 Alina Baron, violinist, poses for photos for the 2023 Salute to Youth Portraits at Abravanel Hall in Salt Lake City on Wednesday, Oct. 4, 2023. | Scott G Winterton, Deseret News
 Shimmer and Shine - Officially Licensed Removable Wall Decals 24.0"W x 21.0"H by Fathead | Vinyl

· · · · ·

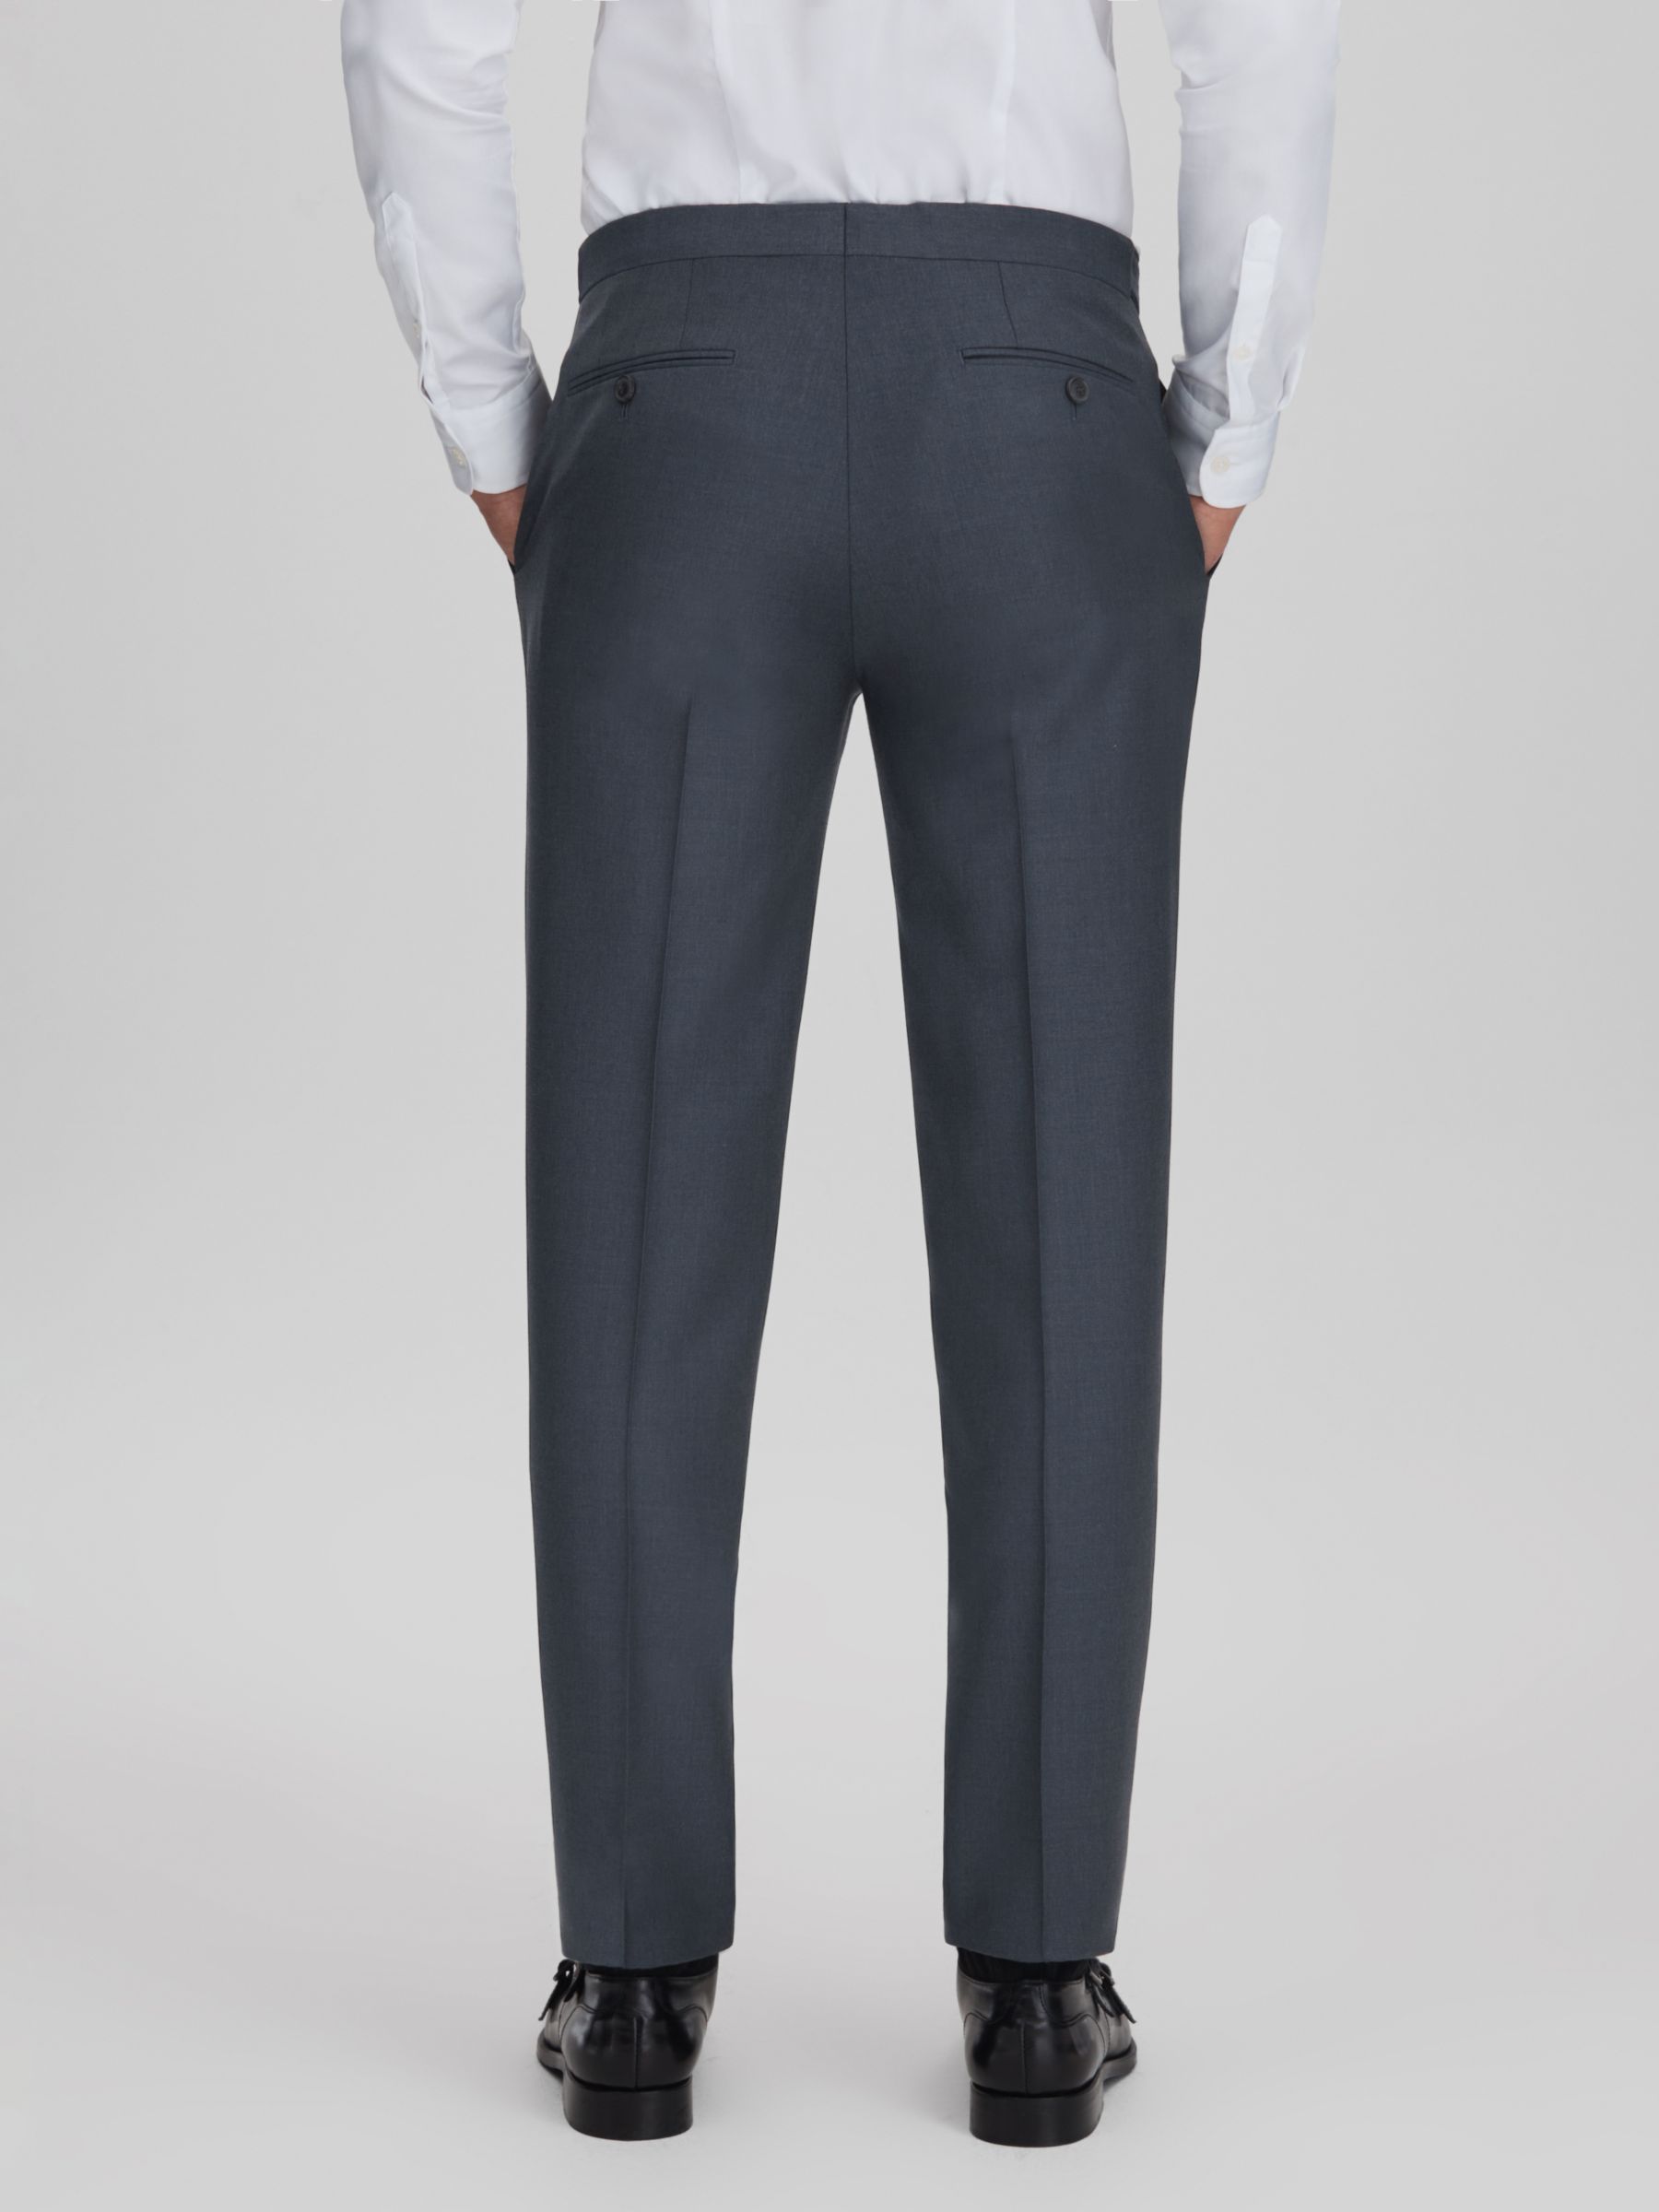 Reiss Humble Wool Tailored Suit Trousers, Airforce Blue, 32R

· · · · ·

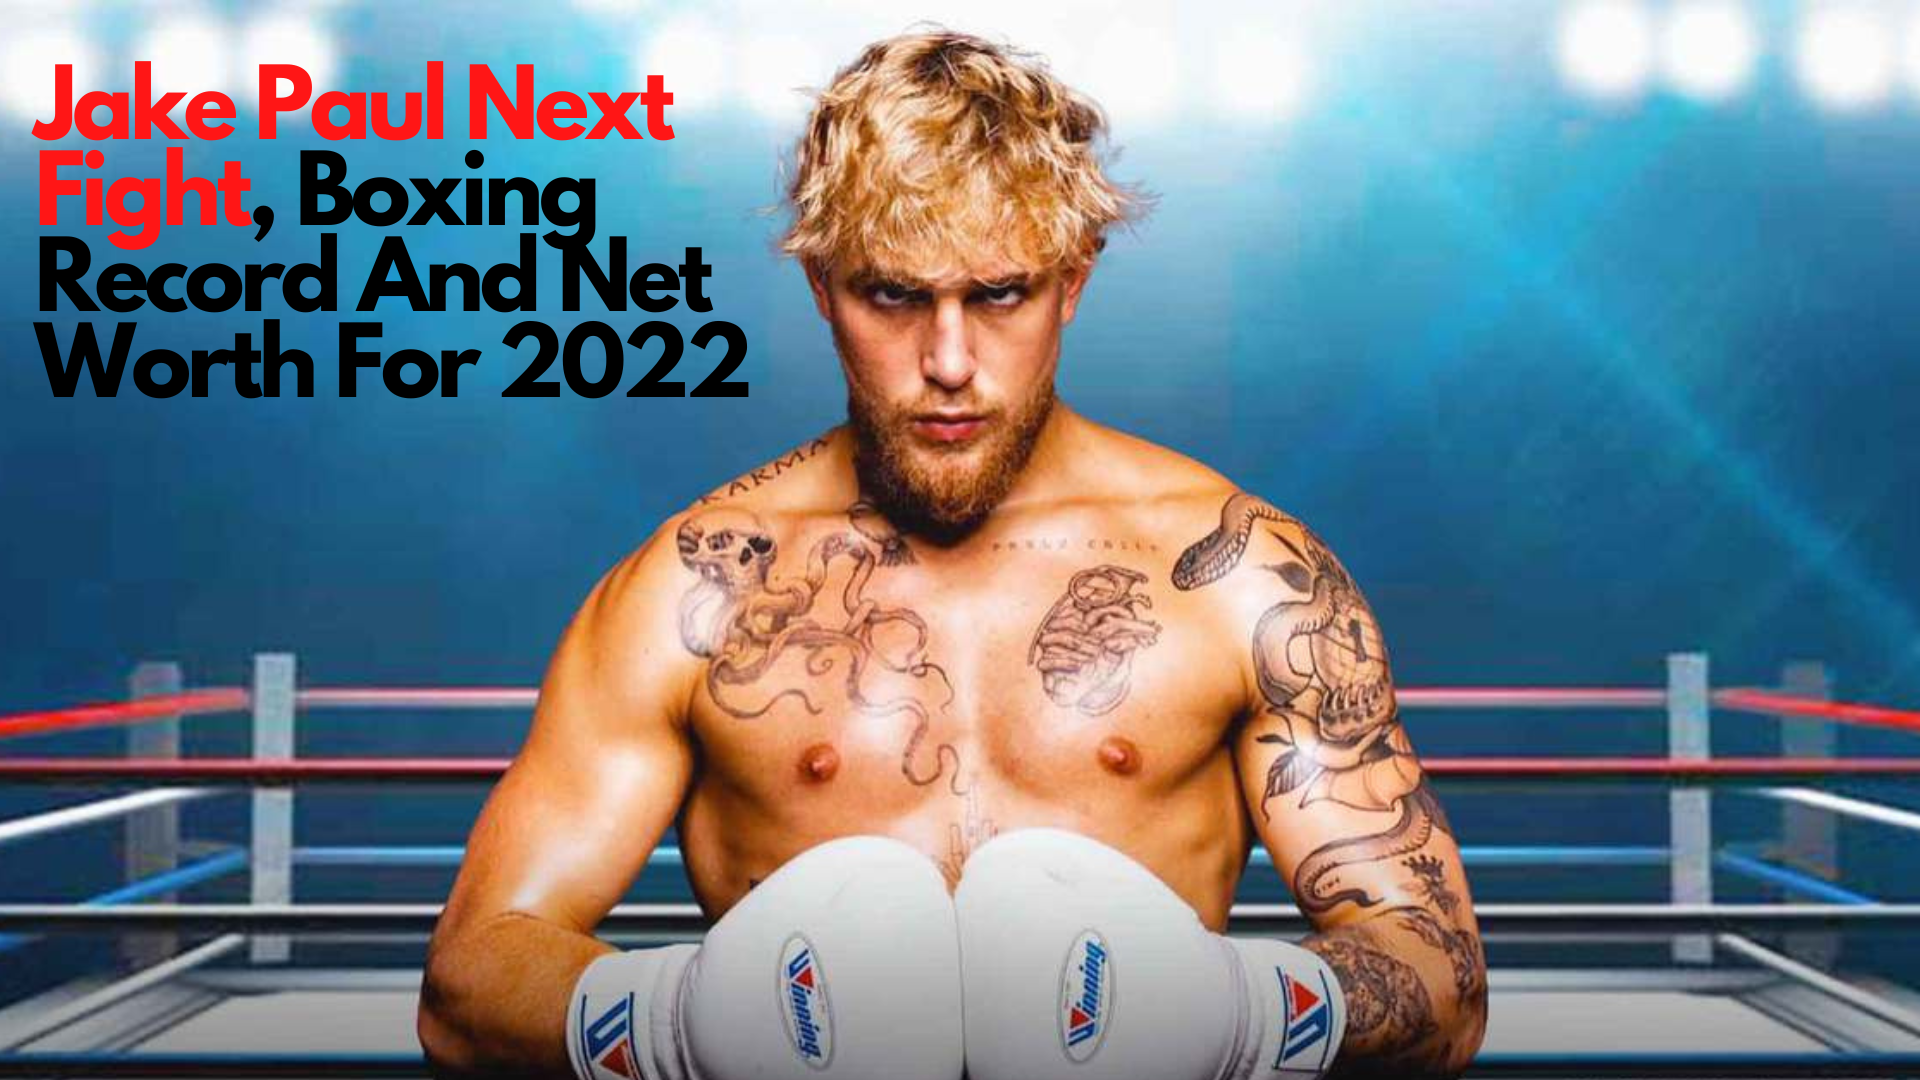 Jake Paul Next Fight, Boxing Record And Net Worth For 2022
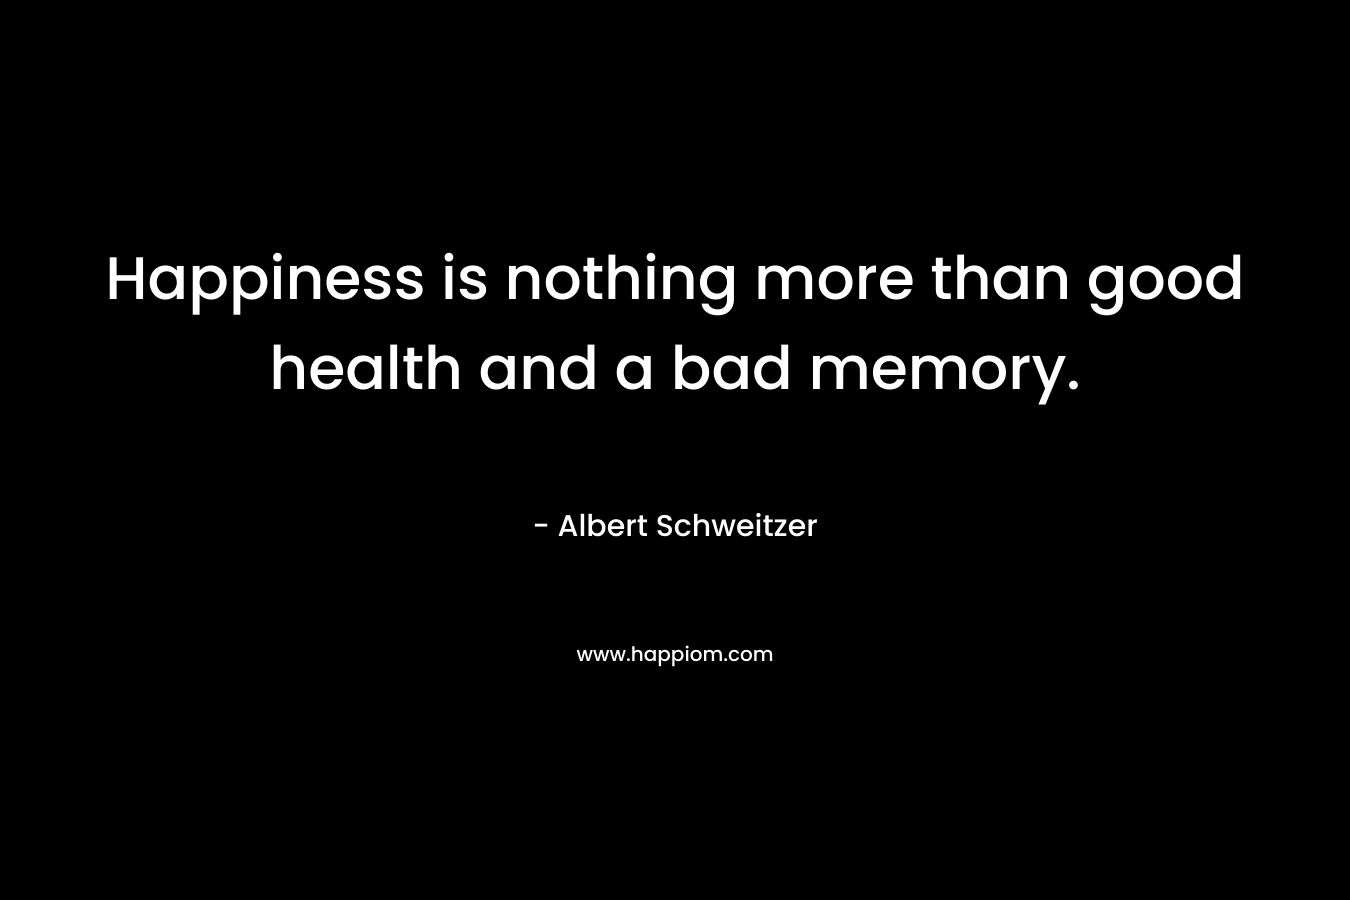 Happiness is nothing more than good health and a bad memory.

· · · · ·

Your goal
What lines above run from the one with "Jake Paul Next" to the one with "Happiness is nothing"? Give them again exactly, ends included, and leave the pictures out.

The completed task
 Jake Paul Next Fight, Boxing Record And Net Worth For 2022
 Happiness is nothing more than good health and a bad memory.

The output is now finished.